I wanted a strong smoke flavour so I decided to cold smoke the bacon for a few hours. I put the strainer in the bottom of the pot of my WSM Mini and then put a wire ring on it. I put a foil covered ceramic plate on the ring and filled it with ice to keep the temperature down. This isn’t really necessary for doing the bacon but I was going to smoke some cheese at the same time and that requires cool smoking temperatures. I used my Amaze-N Smoker with a mix of pecan and apple sawdust and put it on the coal tray of the smoker. I put the pot on it, covered the smoker and let it go for 3 hours. You can see the cheese I did at the same time.

Maple Injected Bacon2

I took the bacon out of the cold smoker and put it in the Bradley electric smoker at a temperature of 150 F over pecan smoke. I increased the temperature to 170 F after an hour. I increased it again to 190 F after another hour. I increased it to 200 F after another hour and continued to smoke until the internal temperature was 150 F.
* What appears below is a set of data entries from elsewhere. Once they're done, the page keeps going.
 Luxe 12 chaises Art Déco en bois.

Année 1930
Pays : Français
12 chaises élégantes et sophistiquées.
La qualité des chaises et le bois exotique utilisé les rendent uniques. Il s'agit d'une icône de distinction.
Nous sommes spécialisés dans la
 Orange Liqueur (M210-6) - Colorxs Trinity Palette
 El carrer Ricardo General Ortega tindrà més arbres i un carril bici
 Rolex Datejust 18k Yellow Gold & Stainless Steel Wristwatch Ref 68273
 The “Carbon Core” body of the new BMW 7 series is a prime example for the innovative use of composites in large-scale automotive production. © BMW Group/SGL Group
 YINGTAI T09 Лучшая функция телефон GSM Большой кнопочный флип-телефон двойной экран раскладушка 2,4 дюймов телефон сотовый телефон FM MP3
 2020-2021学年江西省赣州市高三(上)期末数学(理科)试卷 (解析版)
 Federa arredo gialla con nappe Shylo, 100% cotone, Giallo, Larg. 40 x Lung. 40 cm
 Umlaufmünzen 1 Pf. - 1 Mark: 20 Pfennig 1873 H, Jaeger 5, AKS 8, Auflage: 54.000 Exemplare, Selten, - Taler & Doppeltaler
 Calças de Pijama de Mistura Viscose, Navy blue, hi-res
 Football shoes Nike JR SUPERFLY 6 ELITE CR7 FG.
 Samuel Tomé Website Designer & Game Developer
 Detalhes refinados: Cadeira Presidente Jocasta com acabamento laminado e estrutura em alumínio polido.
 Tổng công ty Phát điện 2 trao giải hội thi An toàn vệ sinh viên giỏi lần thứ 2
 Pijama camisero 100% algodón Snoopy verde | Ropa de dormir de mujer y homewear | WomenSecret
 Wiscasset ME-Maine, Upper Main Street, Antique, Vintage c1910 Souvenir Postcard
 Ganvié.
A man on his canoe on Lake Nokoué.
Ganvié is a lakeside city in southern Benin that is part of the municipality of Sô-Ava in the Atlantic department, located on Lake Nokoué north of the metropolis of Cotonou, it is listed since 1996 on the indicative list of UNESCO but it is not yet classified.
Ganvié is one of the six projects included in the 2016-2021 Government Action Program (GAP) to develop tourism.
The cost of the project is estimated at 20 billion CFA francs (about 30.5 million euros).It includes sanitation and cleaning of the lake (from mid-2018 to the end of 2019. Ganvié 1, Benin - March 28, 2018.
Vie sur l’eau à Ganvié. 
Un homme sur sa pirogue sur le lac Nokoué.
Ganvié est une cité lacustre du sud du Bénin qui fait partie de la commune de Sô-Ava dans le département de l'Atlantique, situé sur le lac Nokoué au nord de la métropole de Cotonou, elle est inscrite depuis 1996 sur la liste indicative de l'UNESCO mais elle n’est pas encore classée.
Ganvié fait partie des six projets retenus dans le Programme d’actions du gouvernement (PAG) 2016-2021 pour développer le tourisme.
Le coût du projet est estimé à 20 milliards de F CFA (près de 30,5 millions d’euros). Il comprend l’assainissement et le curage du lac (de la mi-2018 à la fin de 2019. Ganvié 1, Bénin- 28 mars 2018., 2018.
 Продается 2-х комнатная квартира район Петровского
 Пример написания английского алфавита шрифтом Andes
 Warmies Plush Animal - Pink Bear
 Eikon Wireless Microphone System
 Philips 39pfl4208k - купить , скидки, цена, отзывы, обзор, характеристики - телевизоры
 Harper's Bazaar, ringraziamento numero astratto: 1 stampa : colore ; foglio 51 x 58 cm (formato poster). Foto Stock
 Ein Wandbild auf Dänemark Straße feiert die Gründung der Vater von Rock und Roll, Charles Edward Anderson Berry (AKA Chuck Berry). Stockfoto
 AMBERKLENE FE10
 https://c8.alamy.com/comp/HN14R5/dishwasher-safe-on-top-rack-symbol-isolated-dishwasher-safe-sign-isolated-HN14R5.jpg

I let the bacon sit in the fridge for 2 days for the flavours to blend. Then, it is sliced. I’m sorry, I forgot to take a picture when I sliced it two days later.

The Verdict: Eureka! This has a real nice taste of maple. Not the candy maple taste of commercial products, a real nice mellow maple flavour. This is now my favourite recipe for back bacon.

The Old Fat Guy

 

2 thoughts on “Maple (Back) Canadian Bacon”

  1. Interesting recipe, I have been making maple bacon using https://amazingribs.com/tested-recipes/pork-recipes/how-make-smoked-bacon-home using rindless belly and a lot less liquid and shoving it in a ziplock. I was wondering if I could inject all the brine or do I still need to have it in a liquid to prevent bacteria. I recommend dropping the prague, major cause of bowel cancer (my wife is a food scientist and Ive done a tonne of research into this), you dont need it for hom with short shelf life.

    1. This is one of my earlier recipes. If you check some of my later posts, I now use a dry cure for my bacon. When I want a maple taste, I inject maple syrup into the pork and then dry cure. I think it gives a better texture.

      However, some prefer wet cured and I have good results with this wet cure. To answer your questions, I would not recommend injecting all the brine. The theory of all kind of curing is to get an equilibrium of the cure ingredients through the meat. Injecting helps speed it along but you still need a contact of all the surface with the brine to allow the cure to go to all parts of the pork.

      I do understand the studies on using nitrites and the health risks. However, I disagree with you on leaving it out of making bacon. The problem is that bacteria can form at stages other than storage. First, if you are brining for a long period of time as required, there is some risk of bacterial growth even in the cold bringing process due to the extended soaking times. Second, you either cold smoke or smoke for a long time at low temperatures. This puts the meat into the temperature danger zone for an extended period. The salt will give some protection but not enough in my opinion. The risk of a toxin producing bacteria is just too great. These toxins are not destroyed by cooking. Nitrites help inhibit this process.

      The next reason for using nitrites is the taste quality of the product. If you do not use nitrites, you are making smoked pork, not bacon. It will be very tasty but it won’t have the texture or flavour of a nitrite cured bacon.

      I am sure you are happy with the way you do it but it I feel there are risks that I don’t want to take and the result is not bacon in my tastes. I am not trying to convert you, I am just giving you my opinion from my research.